**DATA SHOWN**
+ + +

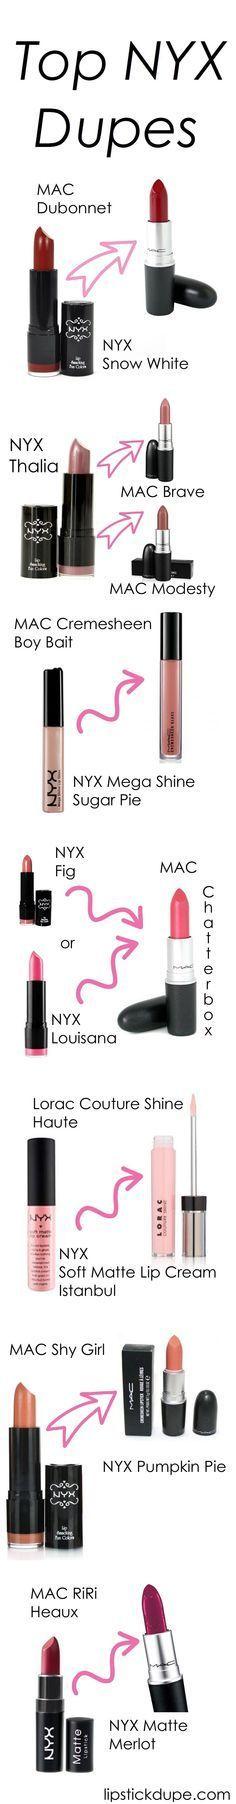 Dupe MAC lipstick
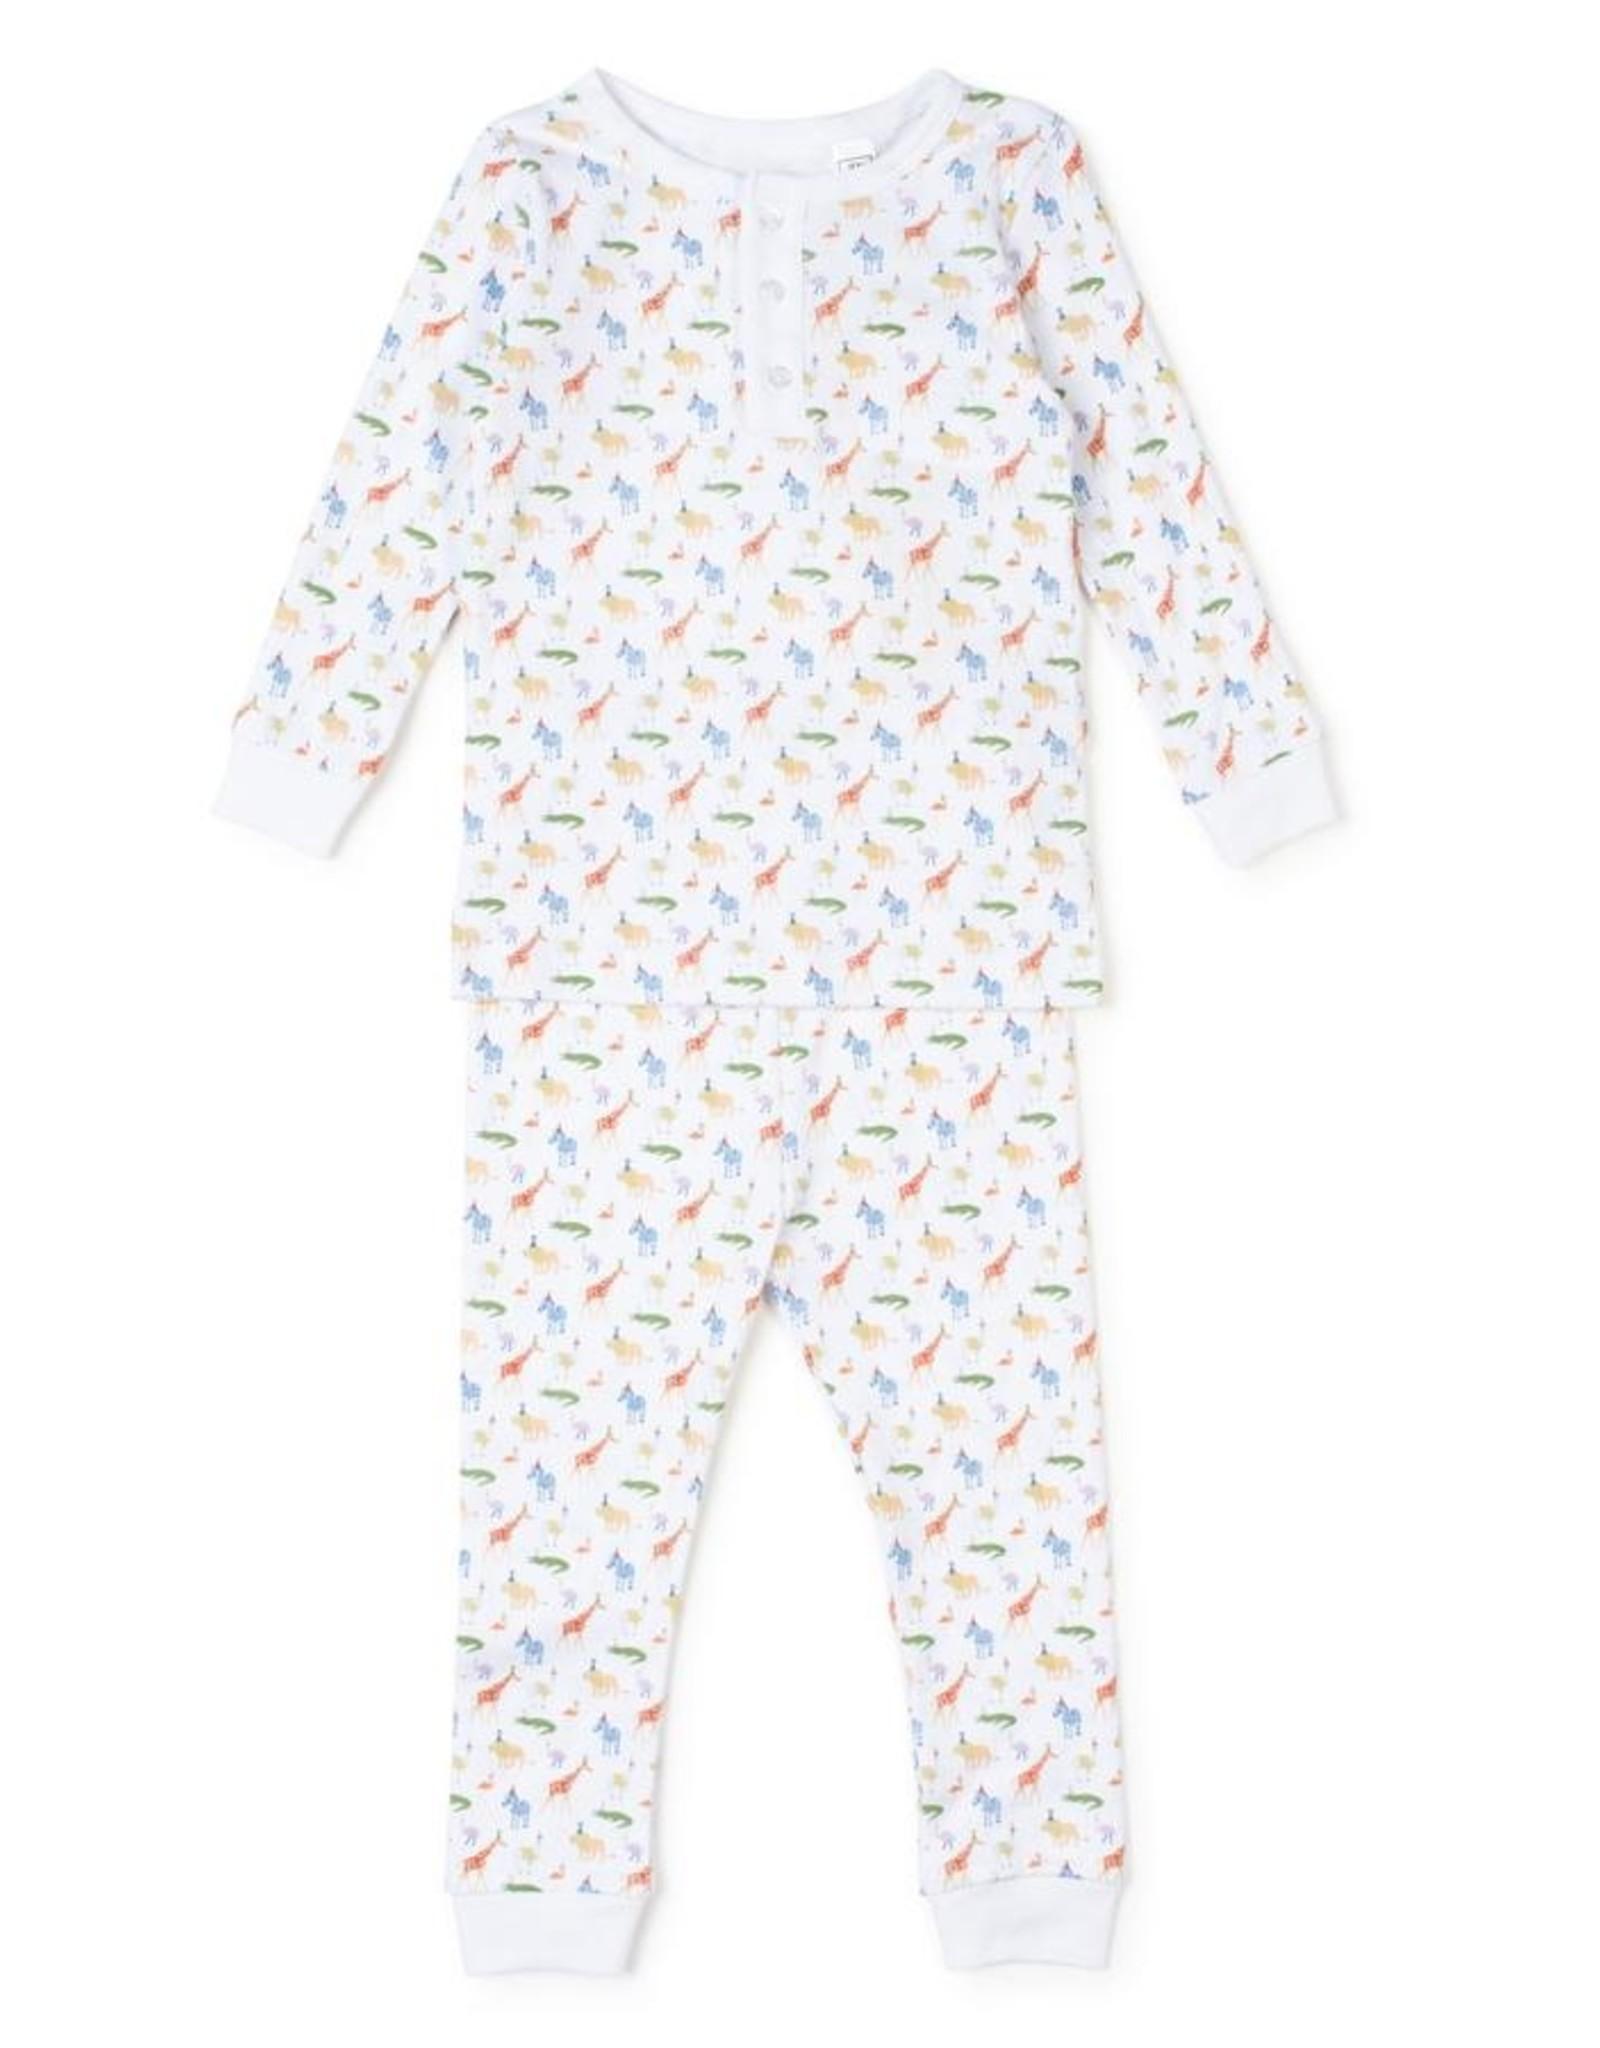 Lila and Hayes Jack Pajama Set Party Animals
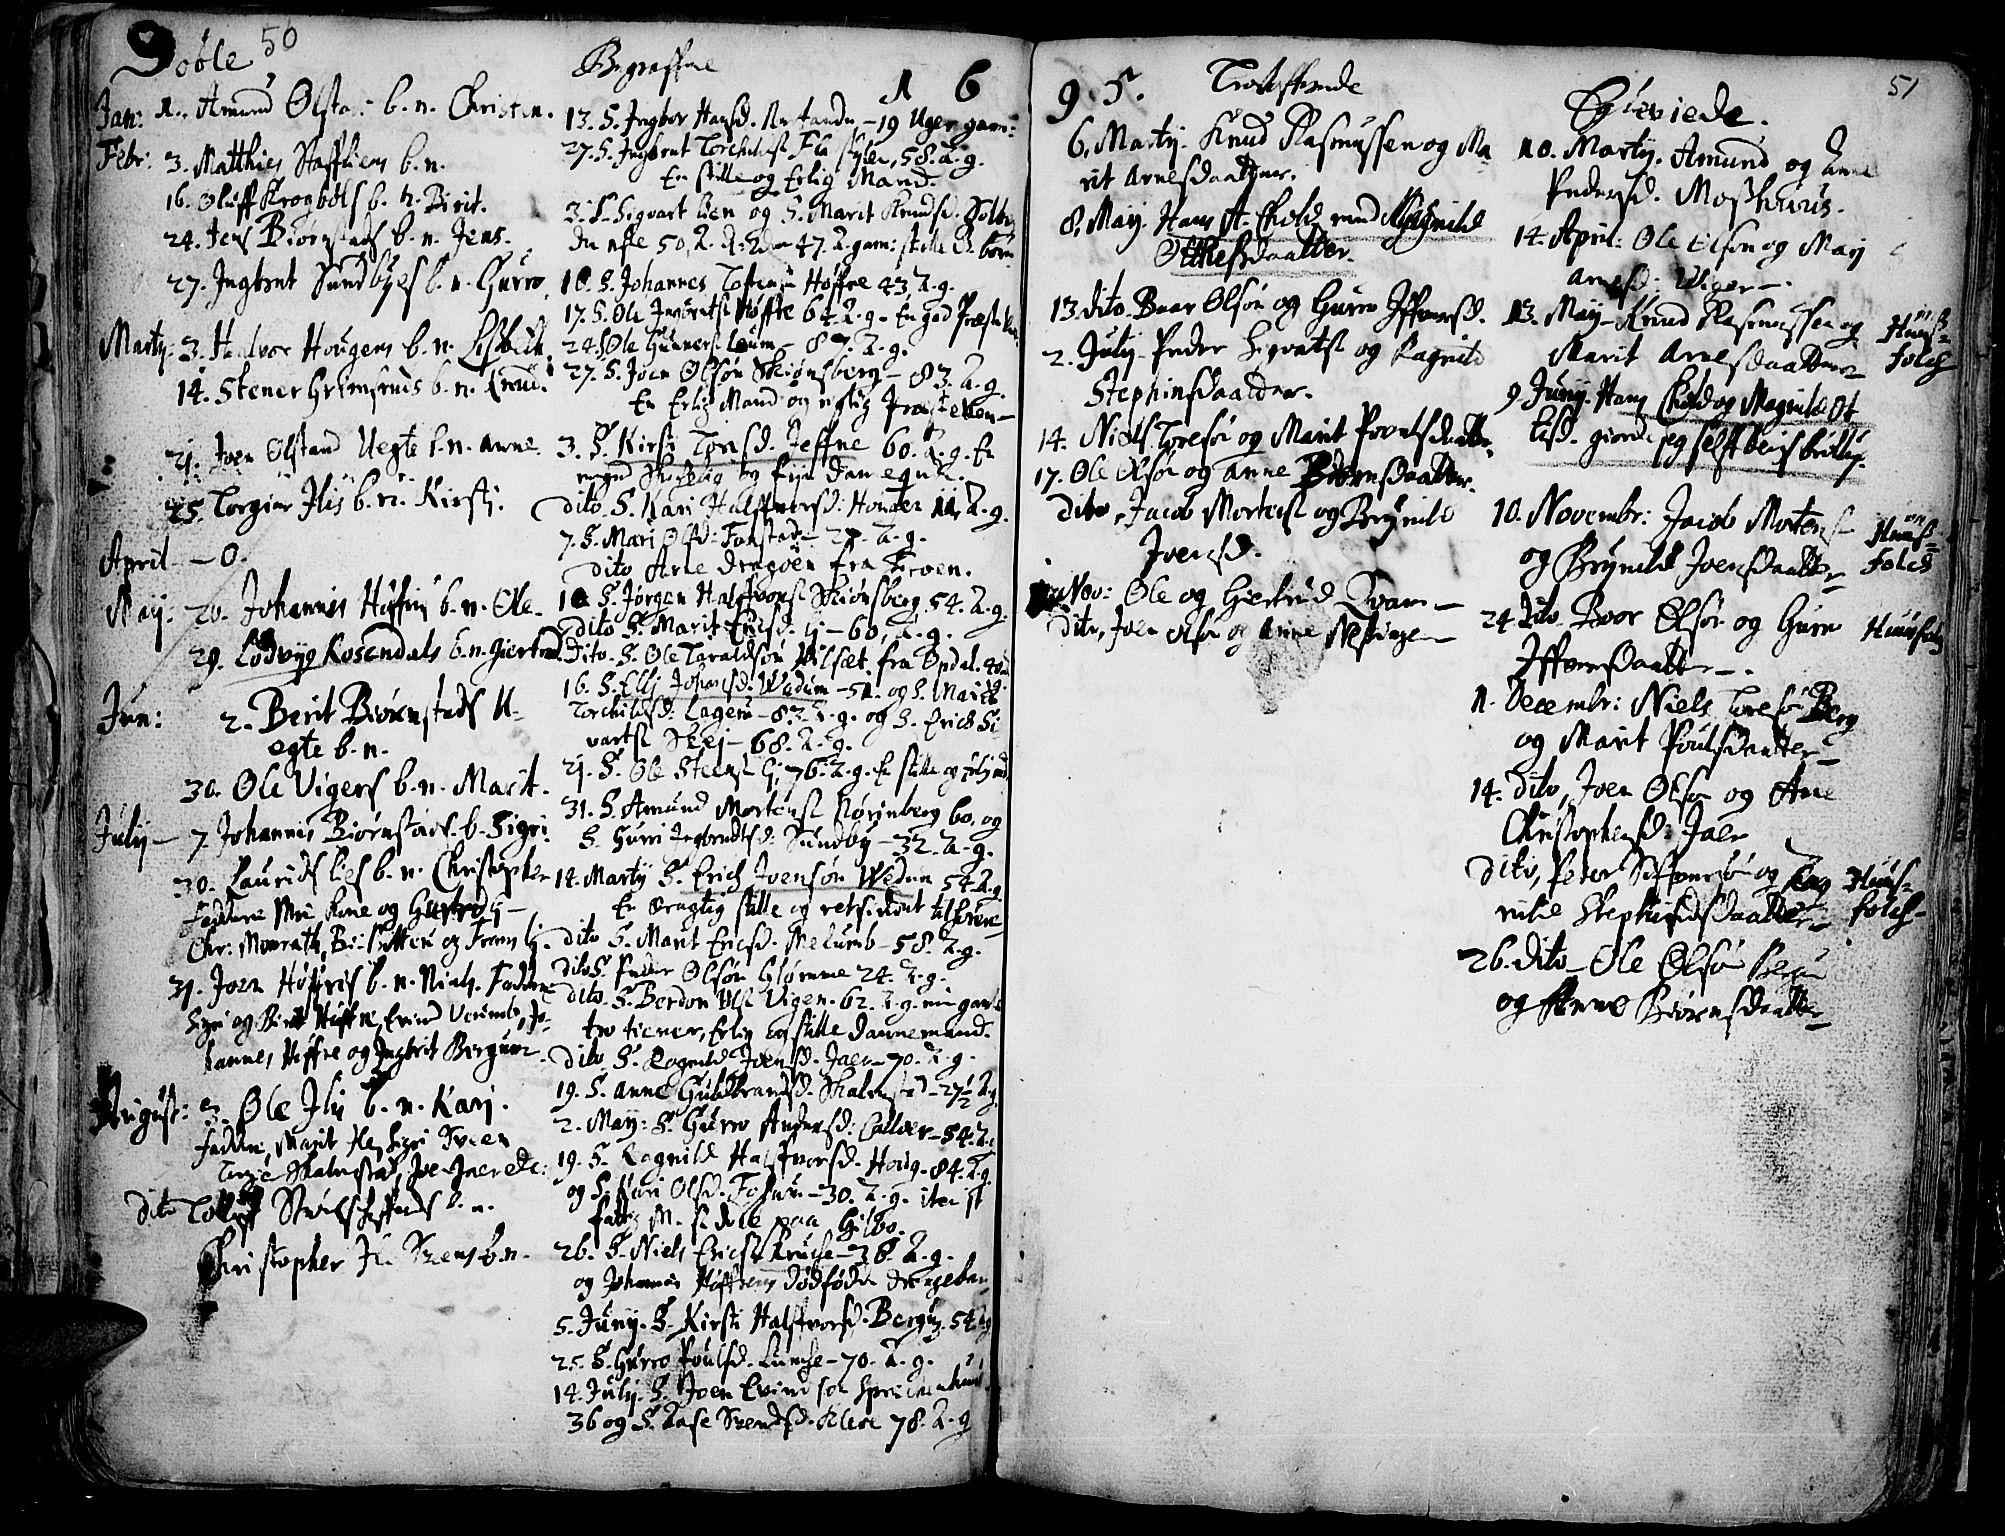 SAH, Øyer prestekontor, Ministerialbok nr. 1, 1671-1727, s. 50-51
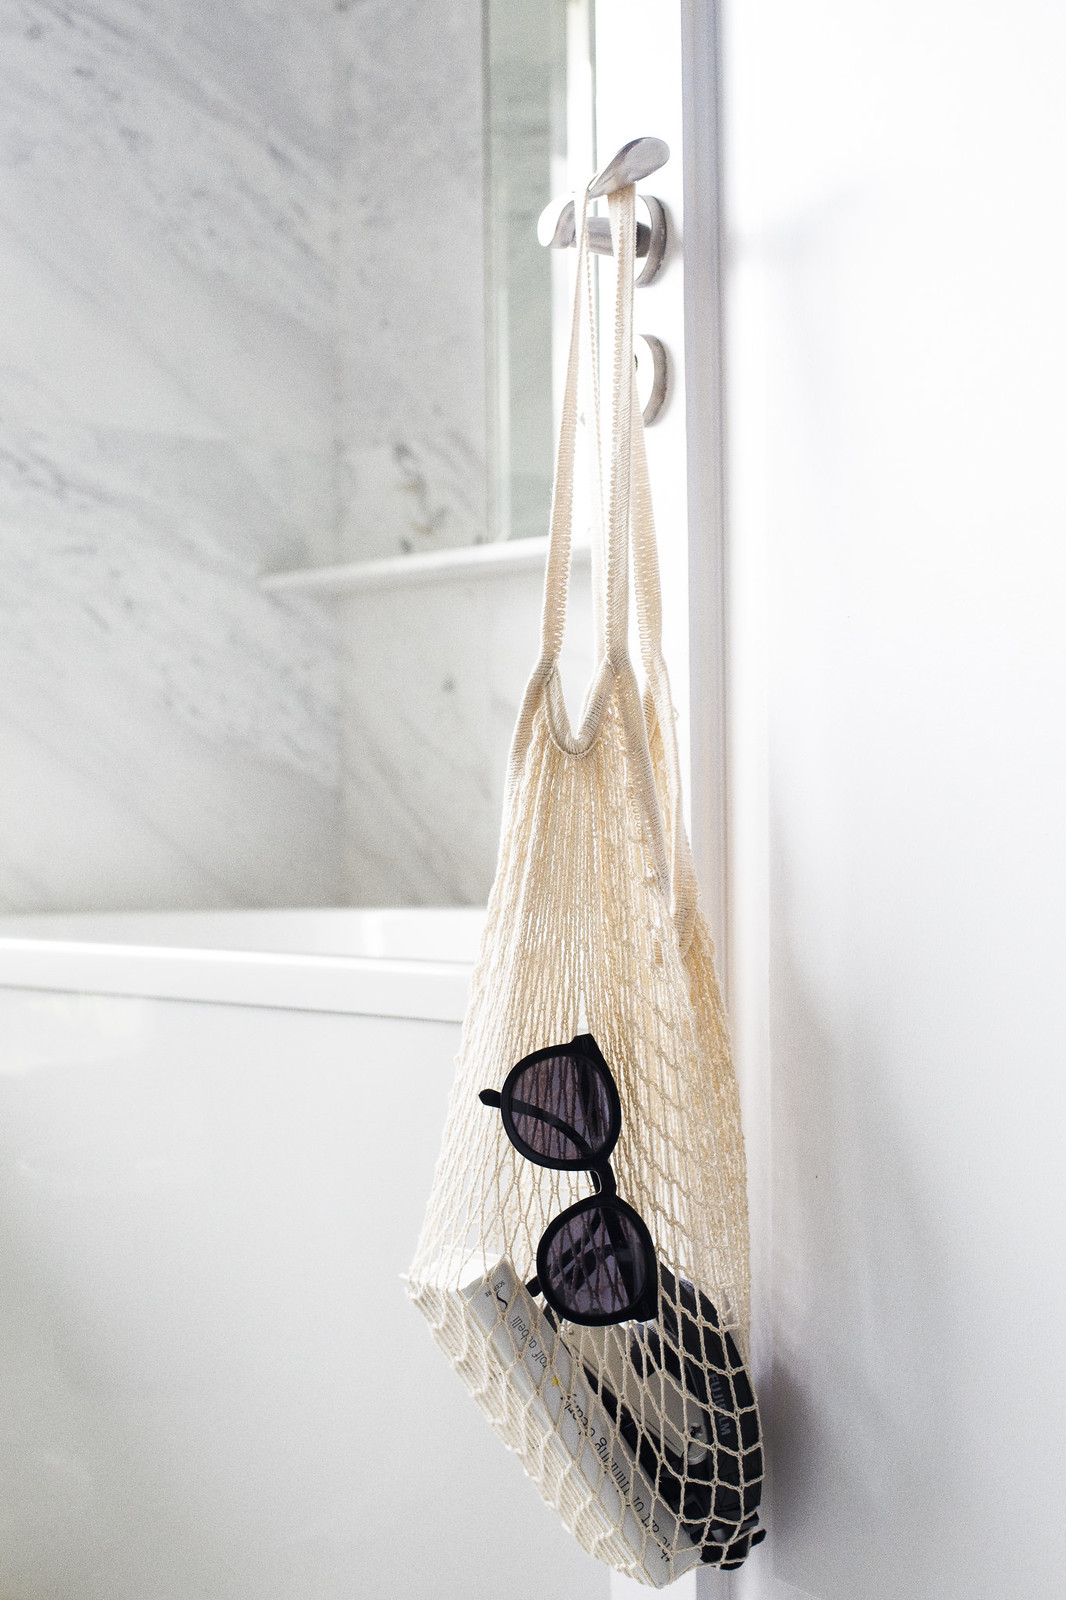 The summer piece, Fishnet Bag

+ + +

**EXERCISE AIM**
What you write should match, word for word, the lines from the one containing "SAH, Øyer prestekontor, Ministerialbok" to the end of the listing, with both ends kept and the pictures left out.

**EXERCISE SOLUTION**
 SAH, Øyer prestekontor, Ministerialbok nr. 1, 1671-1727, s. 50-51
 The summer piece, Fishnet Bag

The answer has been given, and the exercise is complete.